Using the listing below, print the line containing "There is neither", the line containing "New Brunswick flag with ocean in background", and each line between them, exactly and nothing else. Pictures stay out of the print.
━━ Information ━━
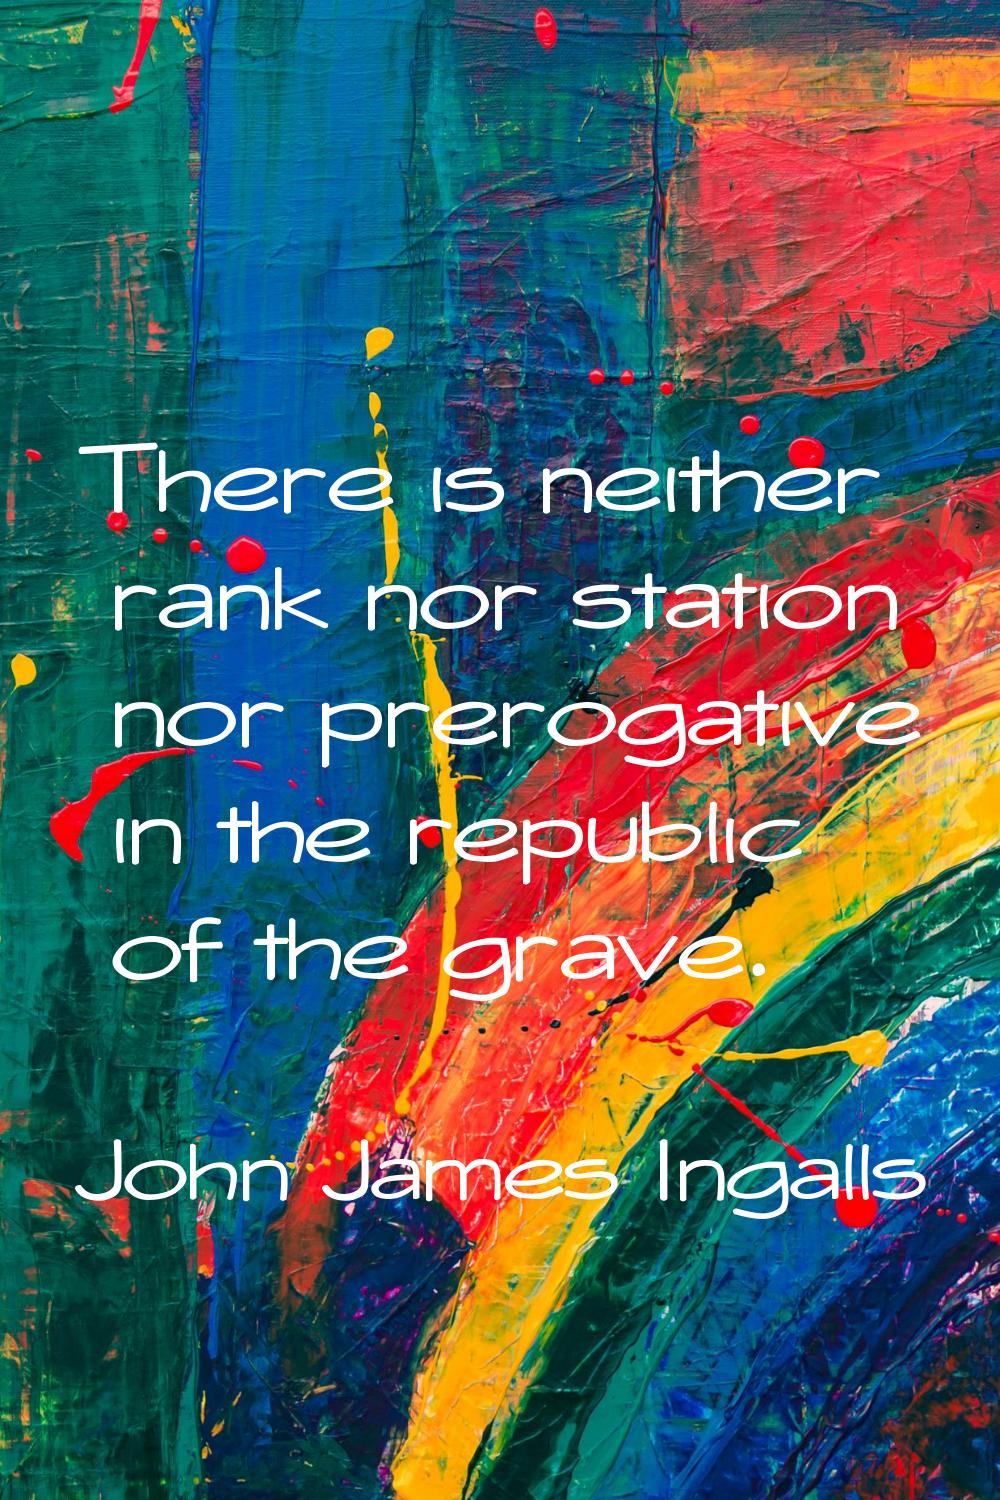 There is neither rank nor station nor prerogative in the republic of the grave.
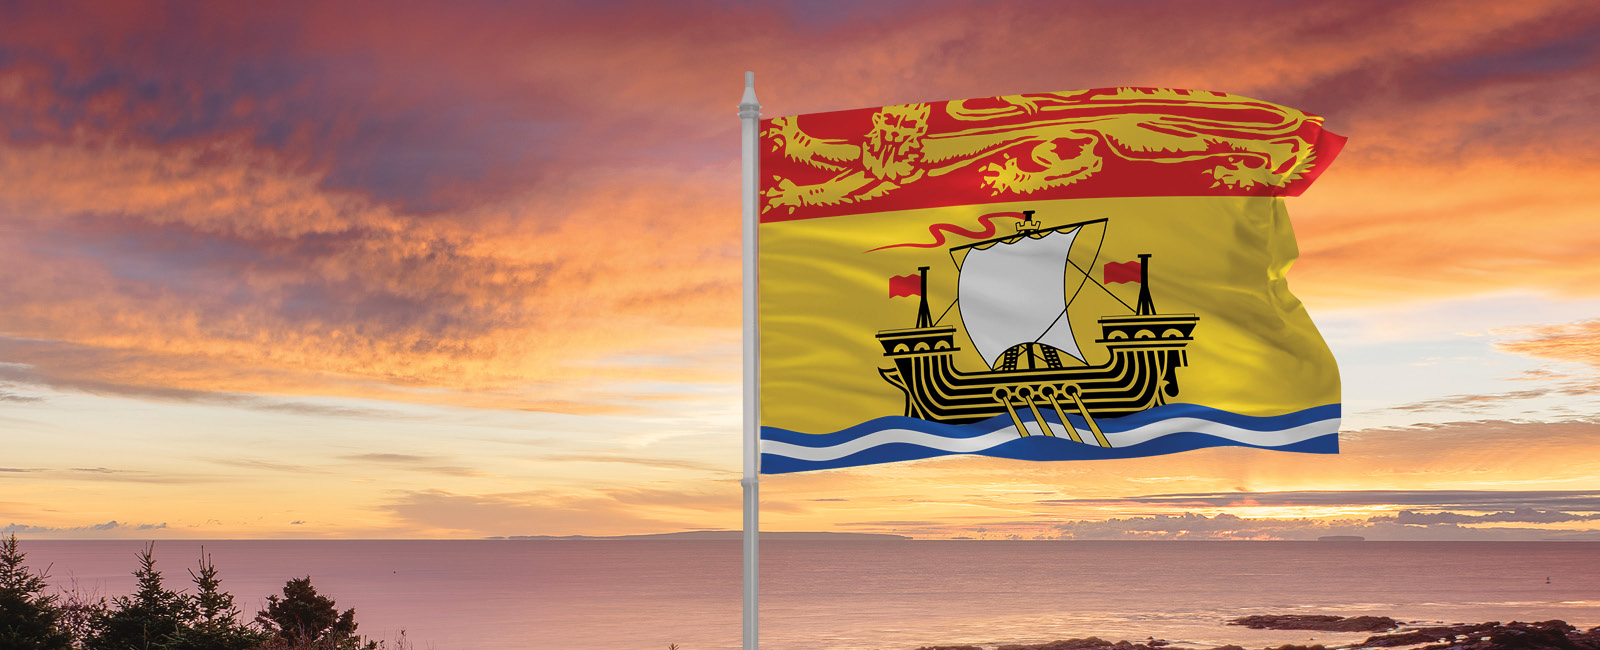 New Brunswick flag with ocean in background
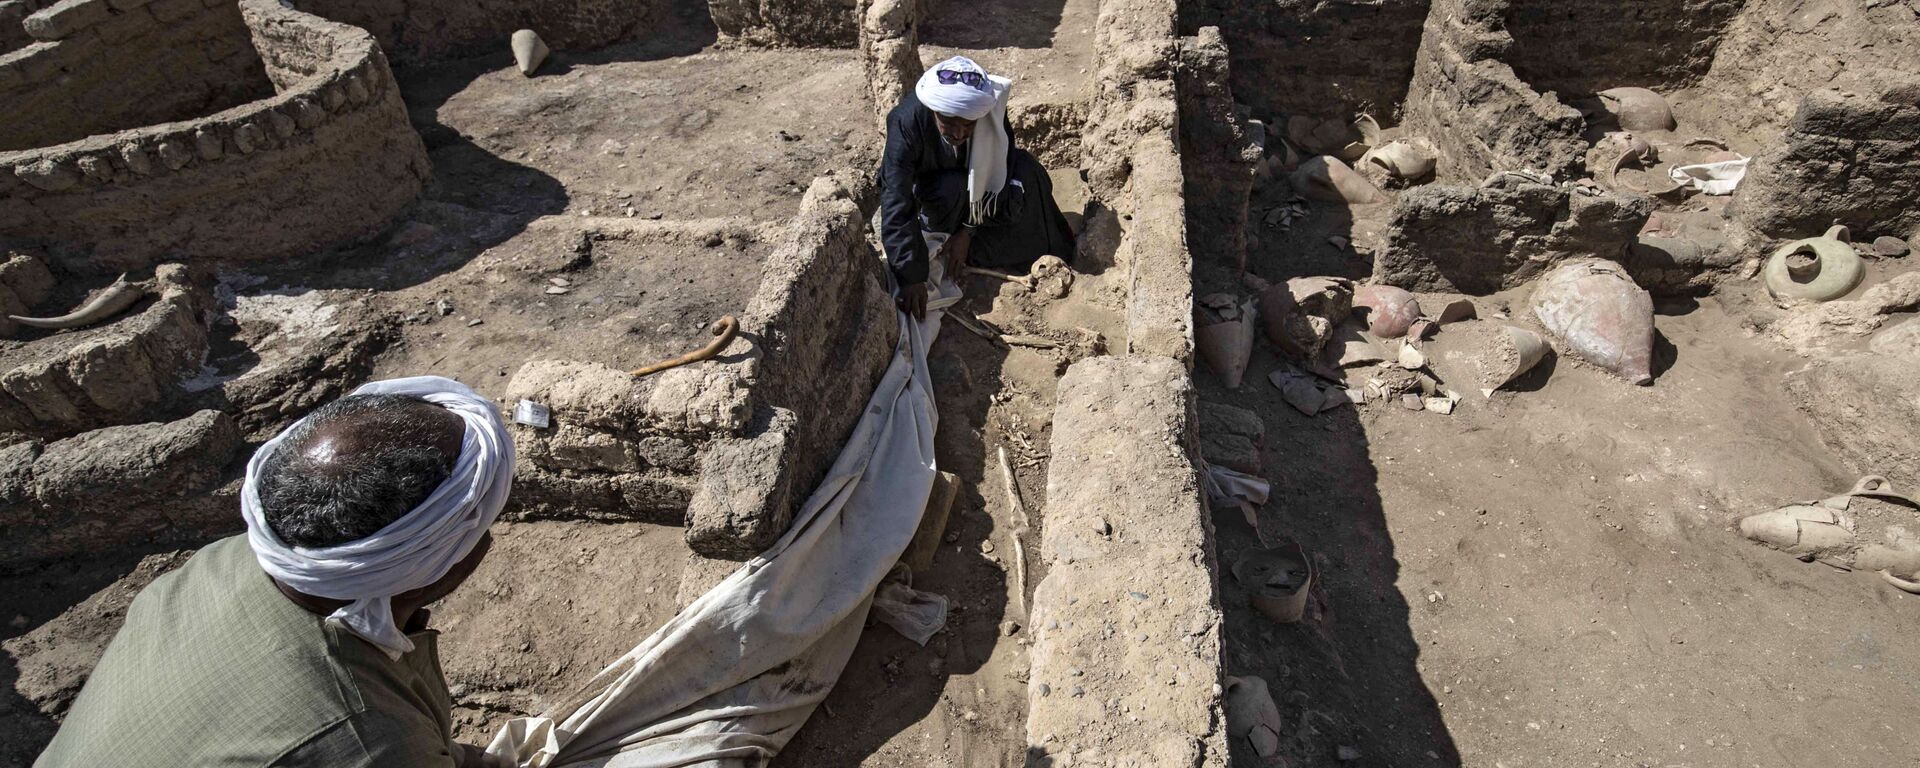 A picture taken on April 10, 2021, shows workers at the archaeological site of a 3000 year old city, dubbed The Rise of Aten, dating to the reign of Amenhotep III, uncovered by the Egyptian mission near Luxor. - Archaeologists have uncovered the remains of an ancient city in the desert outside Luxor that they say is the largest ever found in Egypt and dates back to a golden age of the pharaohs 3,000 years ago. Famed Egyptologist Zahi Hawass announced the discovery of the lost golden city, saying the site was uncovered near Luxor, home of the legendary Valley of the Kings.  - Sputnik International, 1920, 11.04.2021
━━━
━━ Information ━━
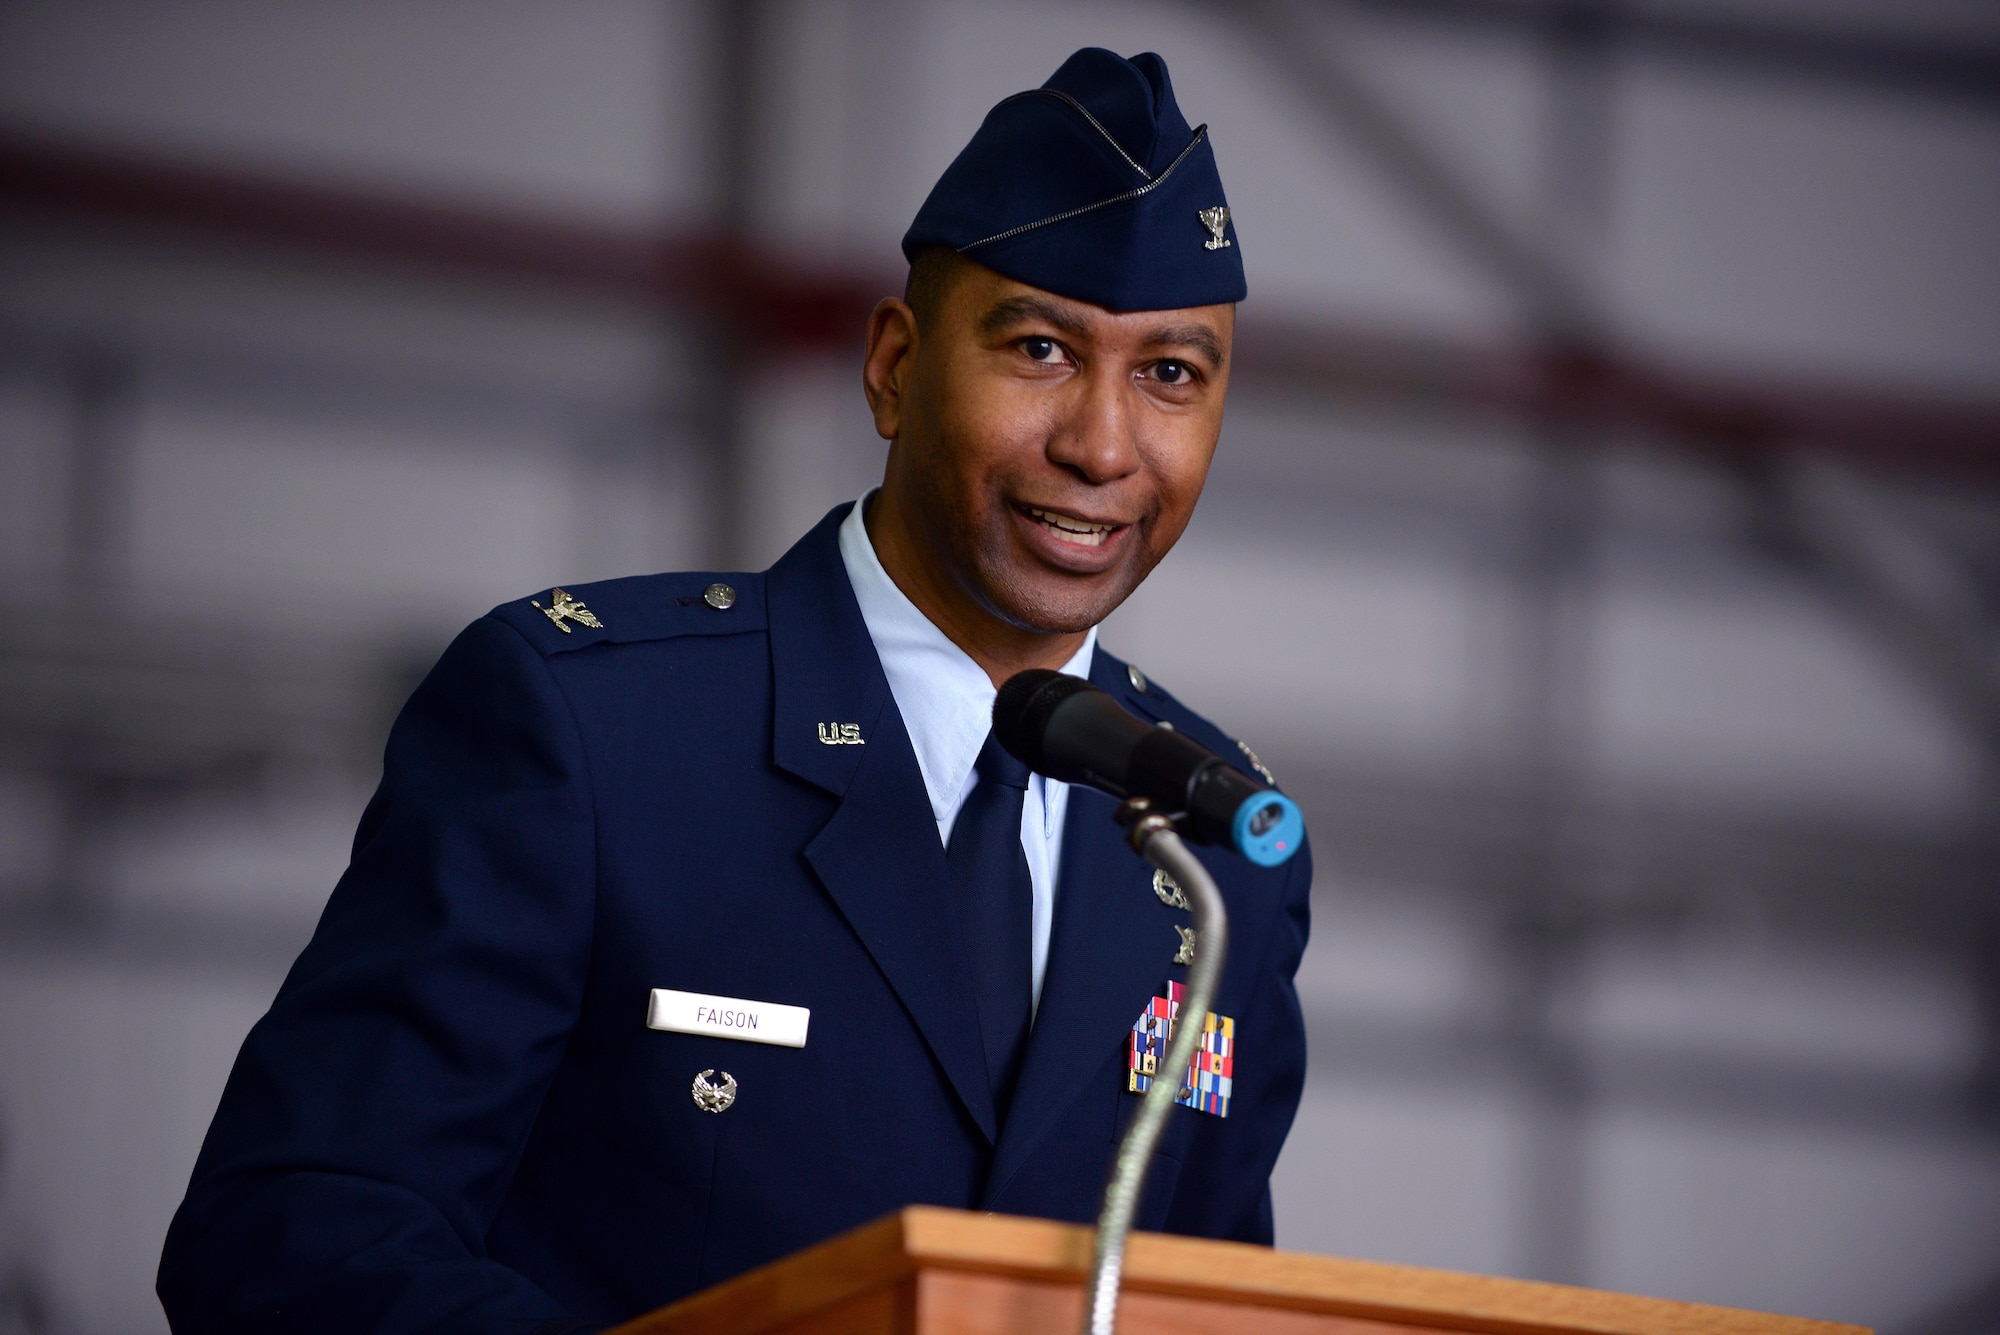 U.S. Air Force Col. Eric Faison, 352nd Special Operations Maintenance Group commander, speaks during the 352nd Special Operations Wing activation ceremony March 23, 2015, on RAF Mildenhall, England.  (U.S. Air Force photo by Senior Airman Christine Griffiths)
━━━
▶ Solution to the problem
 There is neither rank nor station nor prerogative in the republic of the grave.
 New Brunswick flag with ocean in background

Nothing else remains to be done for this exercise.